FAKTA.COM, Jakarta - Perhimpunan Ahli Pertambangan Indonesia (Perhapi) mewanti-wanti sejumlah hal kepada organisasi kemasyarakatan (ormas) yang ingin mengelola tambang.
Seperti yang diketahui, Presiden Joko Widodo memberikan lampu hijau kepada organisasi kemasyarakatan agar bisa mengelola tambang melalui Izin Usaha Pertambangan Khusus (IUPK).
Dua ormas keagamaan besar, Nahdlatul Ulama dan Muhammadiyah telah sepakat menggunakan izin tersebut.
Ketua Perhapi Rizal Kasli mengingatkan bahwa investasi di pertambangan sarat dengan risiko atau high risk.
"Yang harus dipahami adalah investasi di pertambangan sarat dengan risiko, orang menyebutnya high risk. Namun, kalau berhasil akan high return juga," ujar Rizal Kasli kepada Fakta.
Ia memaparkan, kelayakan suatu proyek ditentukan oleh tiga hal. Pertama, secara teknis feasible untuk dikerjakan dengan dukungan teknologi yang ada.
Kedua, secara komersial dapat memenuhi kriteria investasi seperti Net Present Value (NPV) yang positif, Internal Rate of Return (IRR) yang di atas suku bunga (deposito) plus resiko keuangan lainnya dan jangka waktu pengembalian modal. Ketiga, secara politik dapat diterima.

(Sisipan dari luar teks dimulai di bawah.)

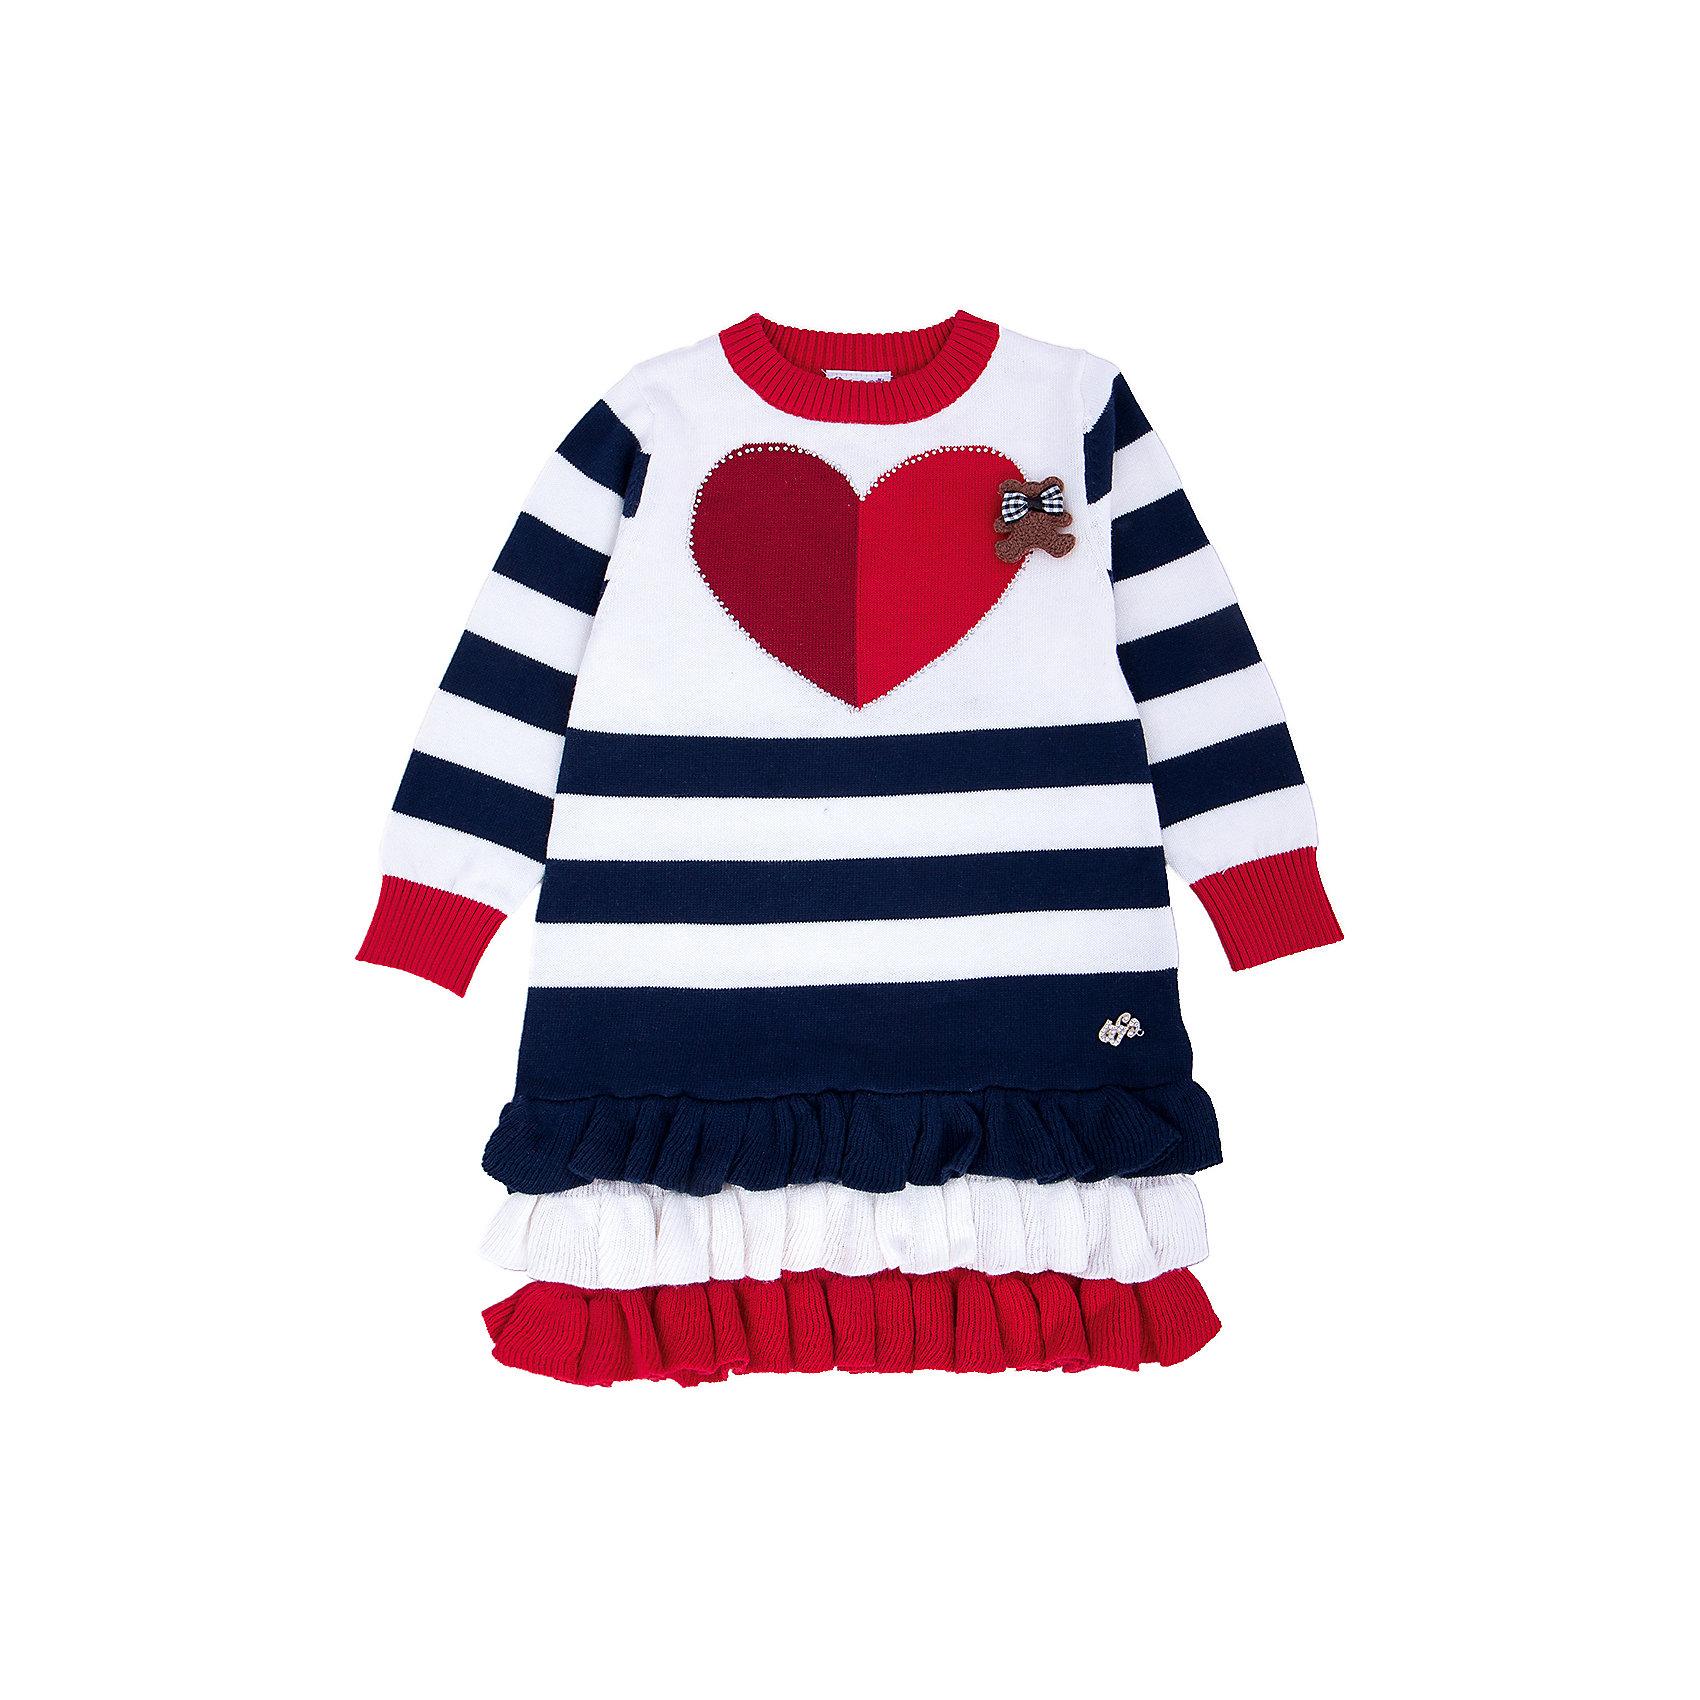 Платье для девочки Sweet BerryПлатья<br>Такое платье отличается модным дизайном с принтом и карманами. Удачный крой обеспечит ребенку комфорт и тепло. Плотный материал делает вещь идеальной для прохладной погоды. Она хорошо прилегает к телу там, где нужно, и отлично сидит по фигуре. Натуральный хлопок обеспечит коже возможность дышать и не вызовет аллергии.<br>Одежда от бренда Sweet Berry - это простой и выгодный способ одеть ребенка удобно и стильно. Всё изделия тщательно проработаны: швы - прочные, материал - качественный, фурнитура - подобранная специально для детей.<br><br>Дополнительная информация:<br><br>цвет: разноцветный;<br>состав: 100% хлопок;<br>декорировано сердечком и воланами.<br><br>Платье для девочки от бренда Sweet Berry можно купить в нашем интернет-магазине.<br><br>Ширина мм: 236<br>Глубина мм: 16<br>Высота мм: 184<br>Вес г: 177<br>Цвет: синий<br>Возраст от месяцев: 12<br>Возраст до месяцев: 15<br>Пол: Женский<br>Возраст: Детский<br>Размер: 80,86,92,98<br>SKU: 4931323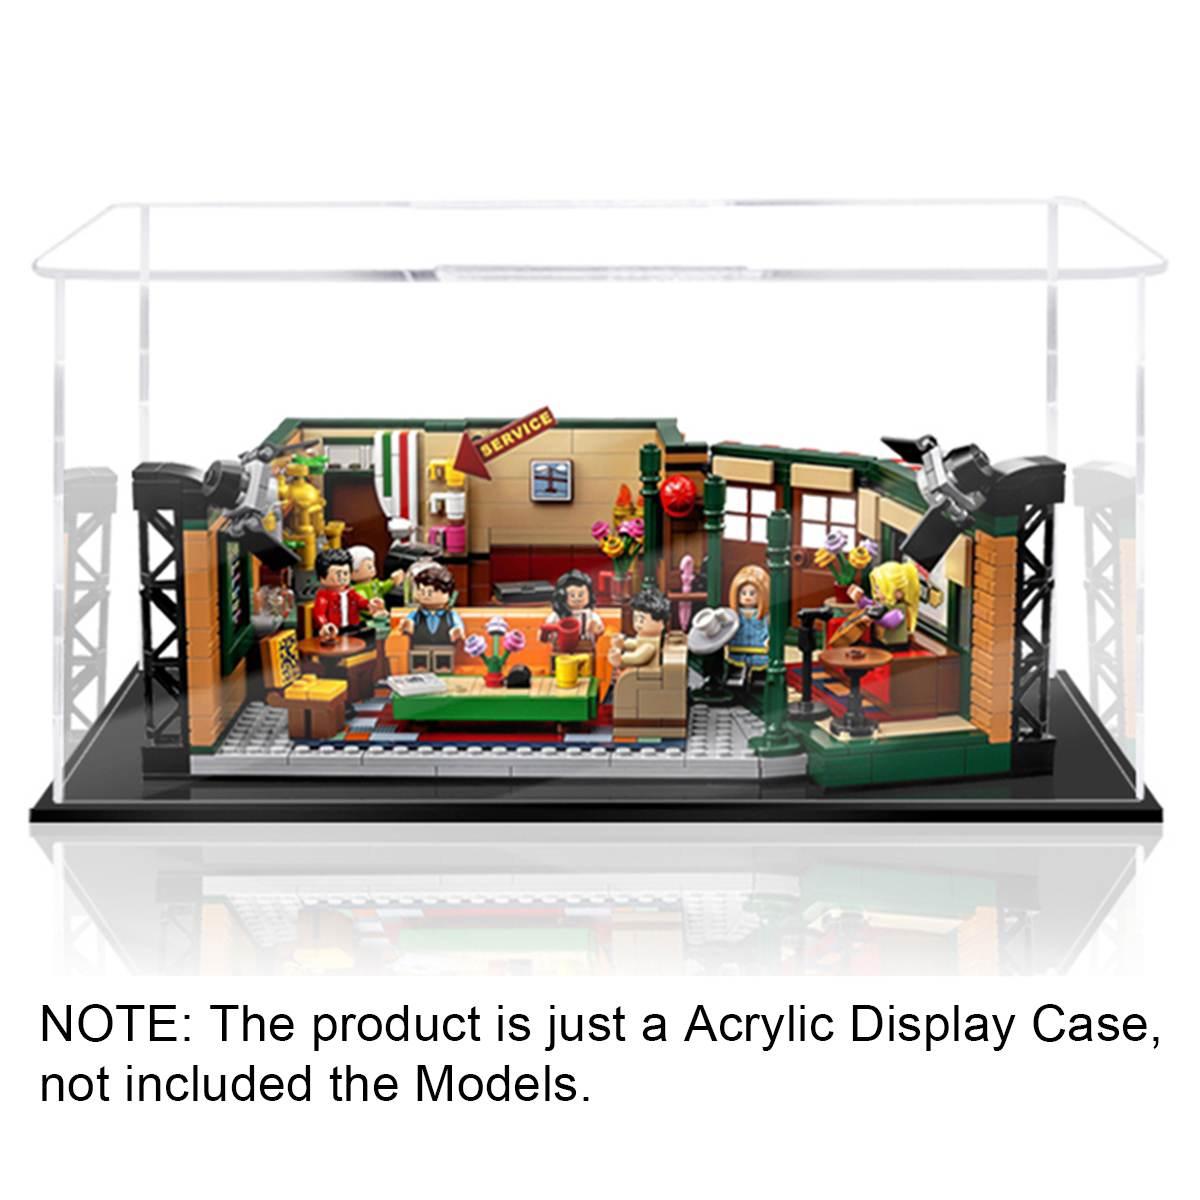 لتقوم بها بنفسك صندوق عرض أكريليك فقط علبة عرض ليغو 21319 لعبة بناء أصدقاء بيرك المركزية (نموذج غير مدرج)

"Hal ini untuk pusat sudah direstui, namun, di daerah masih perlu pendekatan lagi agar tambang dapat beroperasi dengan baik (lisence to operate)," tutur Rizal.
Ia mengingatkan bahwa kegiatan pertambangan bukan langsung menggali dan menjual seperti yang dipahami atau dibayangkan oleh beberapa orang.
Kegiatan ini harus dimulai dari kegiatan eksplorasi, studi kelayakan, kajian lingkungan, izin lingkungan. Kemudian masa konstruksi juga diperlukan untuk membangun jalan angkut dan sarana prasarana yang diperlukan.
Ini semua membutuhkan dana besar untuk melakukan hal tersebut, serta waktu pengerjaan beberapa tahun. Perlu diingat, kata dia, umumnya daerah relinguishment atau wilayah tambang yang dikembalikan ke negara oleh perusahaan adalah wilayah tambang yang kurang menarik baik secara geologi, teknis, ekonomi dan sosial.
Untuk itu, ia mengingatkan agar ormas keagamaan tetap harus melakukan kajian-kajian dimaksud untuk menjamin modal yang ditanam di proyek tersebut menguntungkan dan bisa kembali sesuai harapan.
Menurutnya hal ini akan berbeda jika ormas-ormas keagamaan hanya sebagai pemegang izin saja.
"Setelah itu serahkan kepada partner atau investor lain untuk mengerjakan semua dan hanya akan mendapatkan fee saja atas IUPK tersebut. Tentu risiko dengan cara seperti ini akan minim sekali," tuturnya.
Untuk pengelolaan tambang yang ramah lingkungan atau operasional pertambangan yang memenuhi kaidah-kaidah pelestarian lingkungan, di Indonesia sudah ada regulasi seperti penerapan kaidah teknik pertambangan yang baik atau good mining practice (GMP).
Pengelolaan limbah B3, pengelolaan air limpasan, lumpur, reklamasi dan pasca tambang harus dilaksanakan sesuai aturan yang berlaku untuk menjamin pelestarian lingkungan.
Ia menilai, tentunya NU dan Muhammadiyah sudah menghitung dan mempertimbangkan dampak baik buruknya kebijakan yang diambil, terutama dalam berinvestasi di industri ekstraktif seperti tambang yang sarat dengan komplik kepentingan.
"Di satu sisi ada pengawas dari negara yang diwakili oleh Kementerian ESDM dan KLHK terhadap penerapan GMP dan pelestarian lingkungan. Semua harus comply terhadap aturan dan regulasi yang ada," katanya.